WHAT THE TASK REQUIRES = Reproduce exactly, leaving out pictures, each line from the one holding "Gemalte Wunschzettel hatten" through the final line of the listing, and add nothing.

PROVIDED MATERIAL =
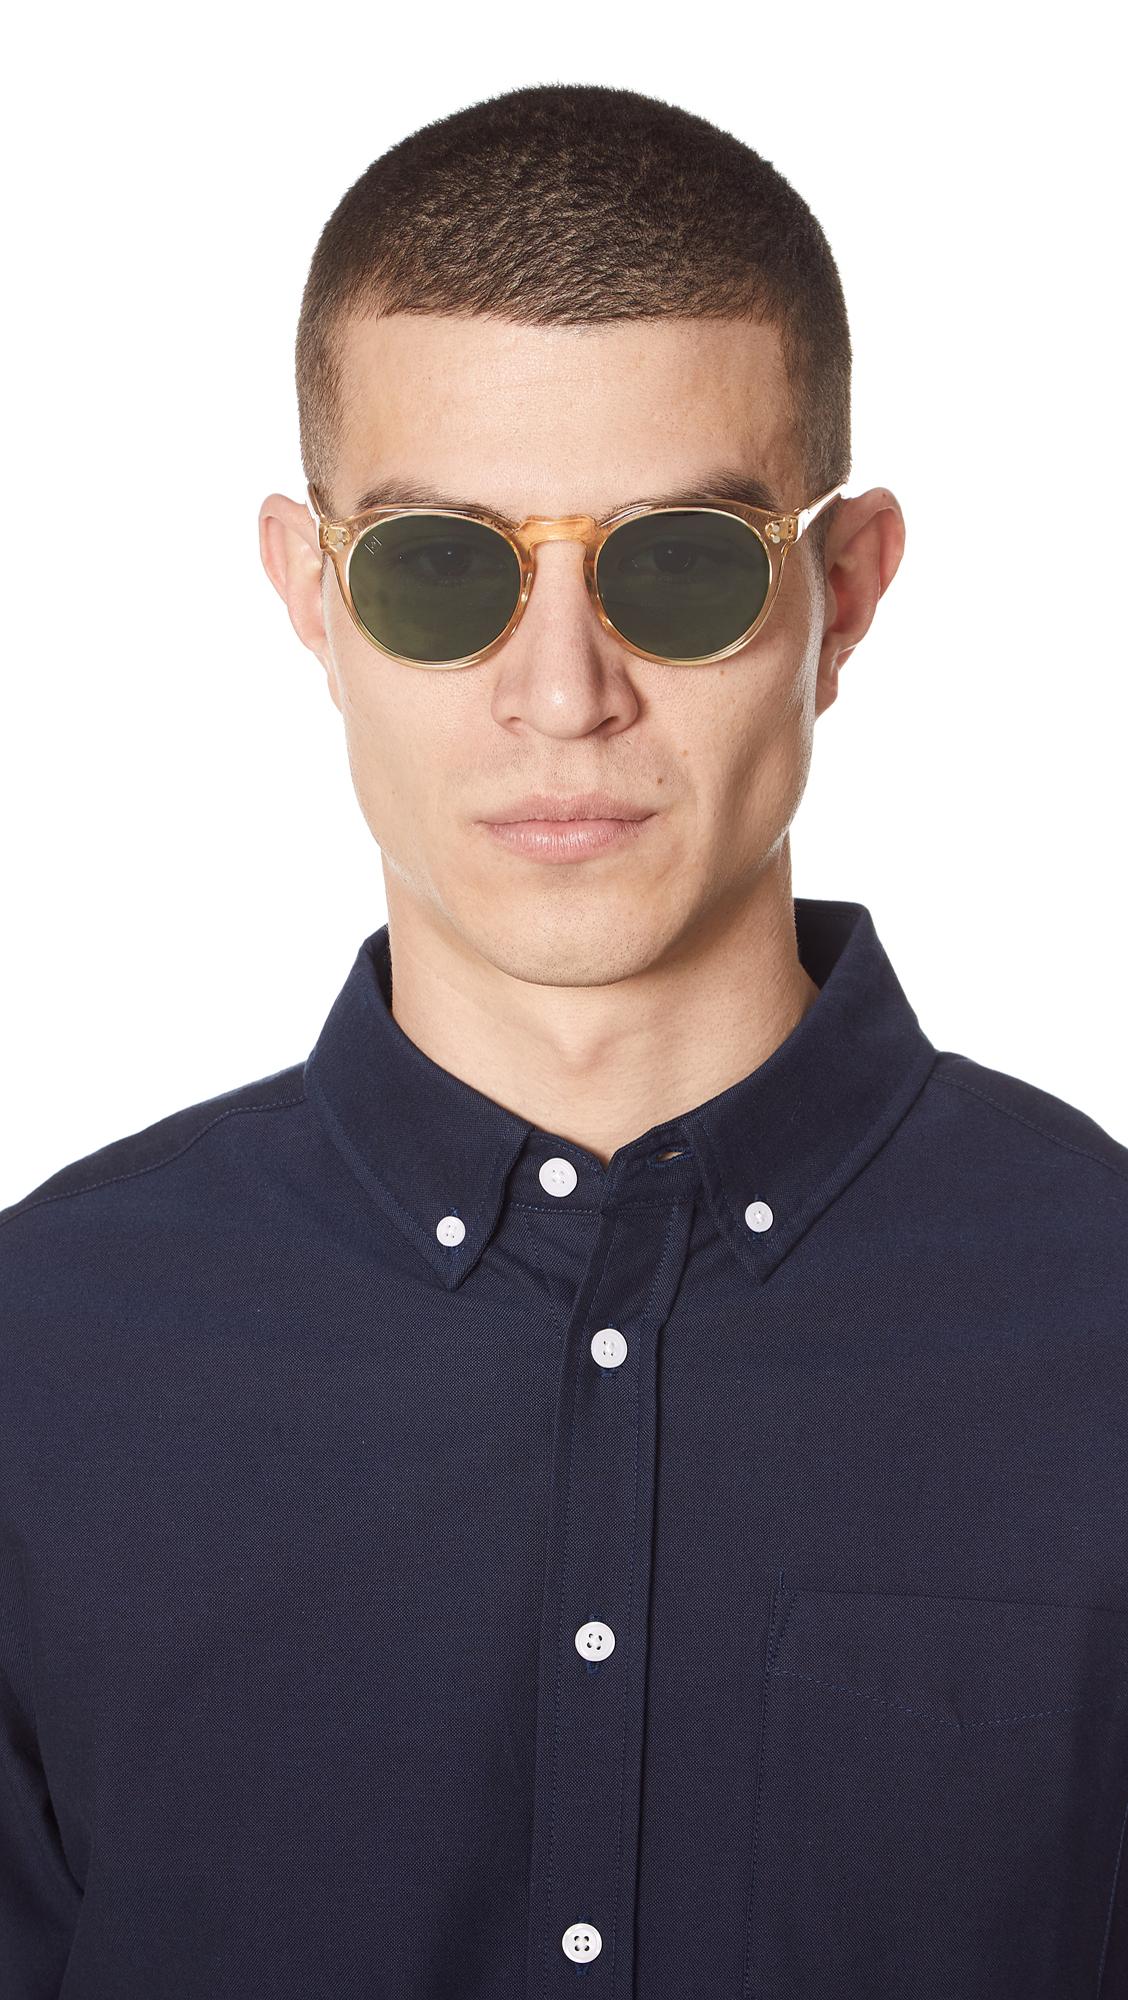 92626e6afca Raen Remmy 49 Sunglasses
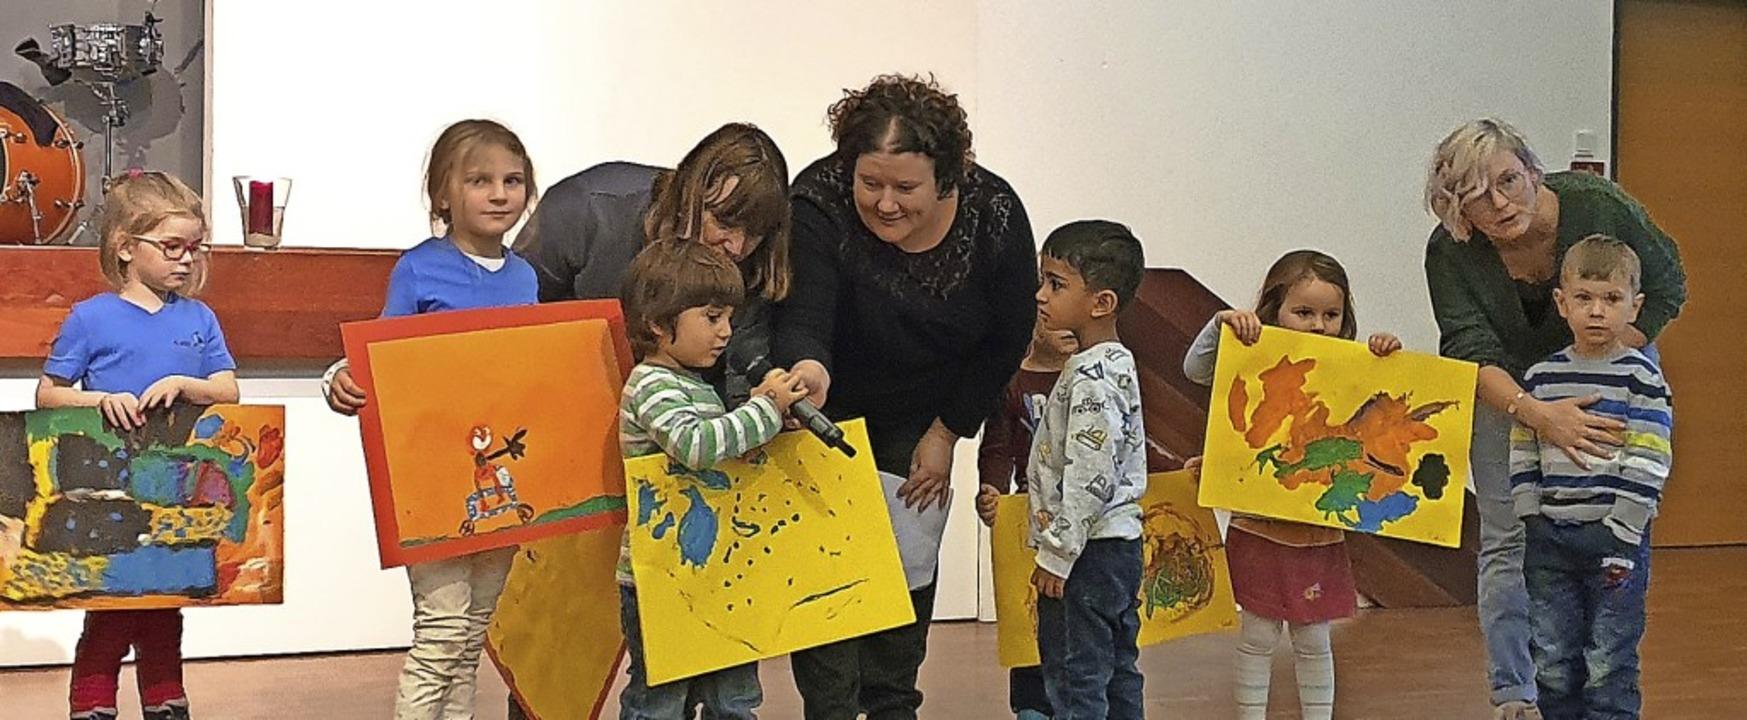 Gemalte Wunschzettel hatten die Kinder...nder mit zur Eröffnungsfeier gebracht.    Foto: Julius Wilhelm Steckmeister
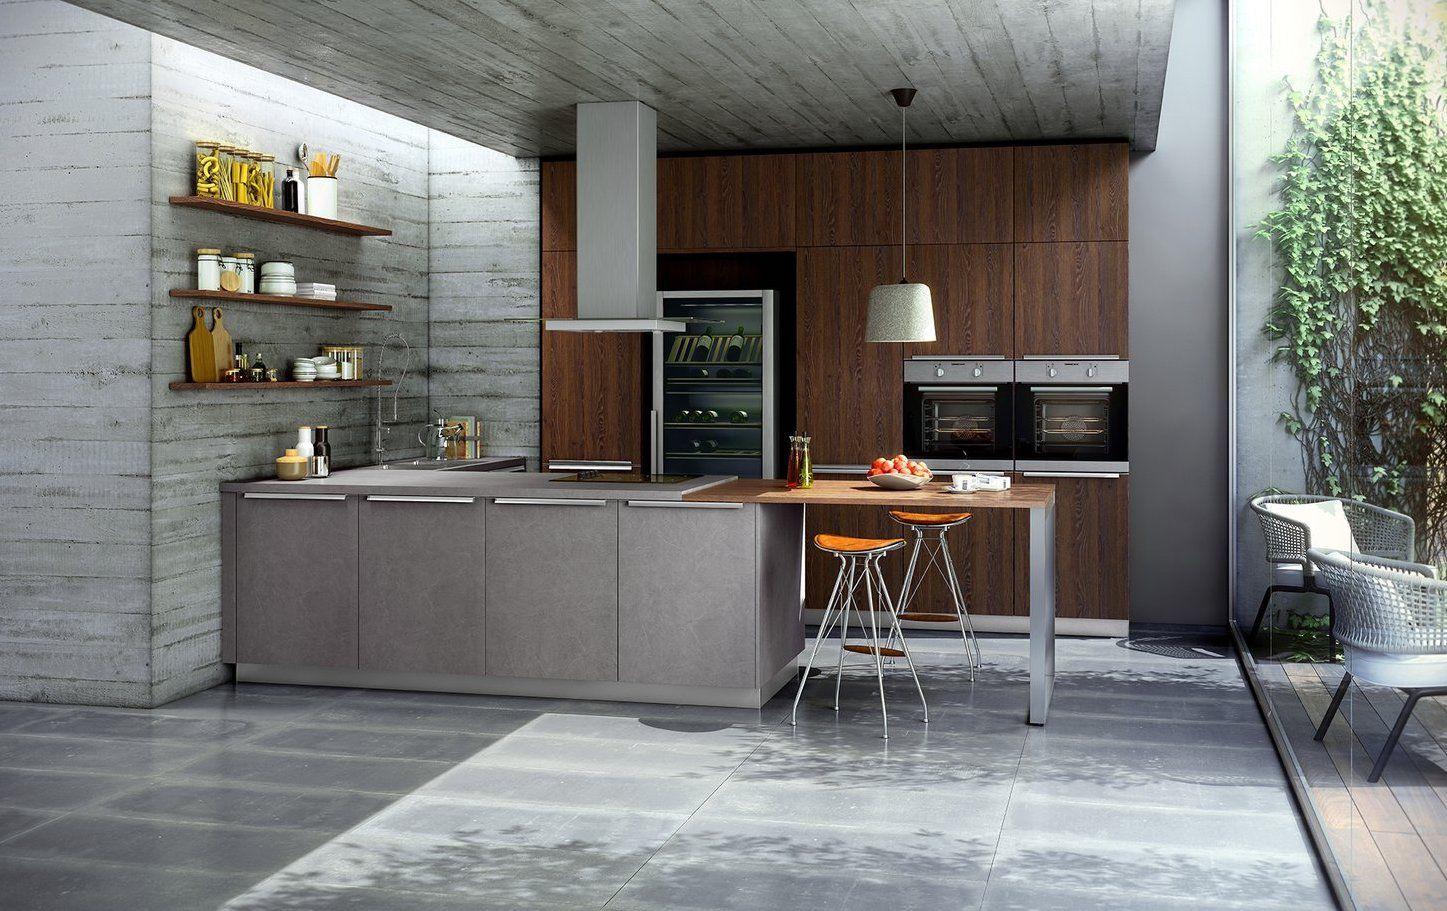 Contur® 51.180 / 52.170 Concrete Imitation Kitchen

RESPONSE FOR THIS EXERCISE =
 Gemalte Wunschzettel hatten die Kinder...nder mit zur Eröffnungsfeier gebracht.    Foto: Julius Wilhelm Steckmeister
 Contur® 51.180 / 52.170 Concrete Imitation Kitchen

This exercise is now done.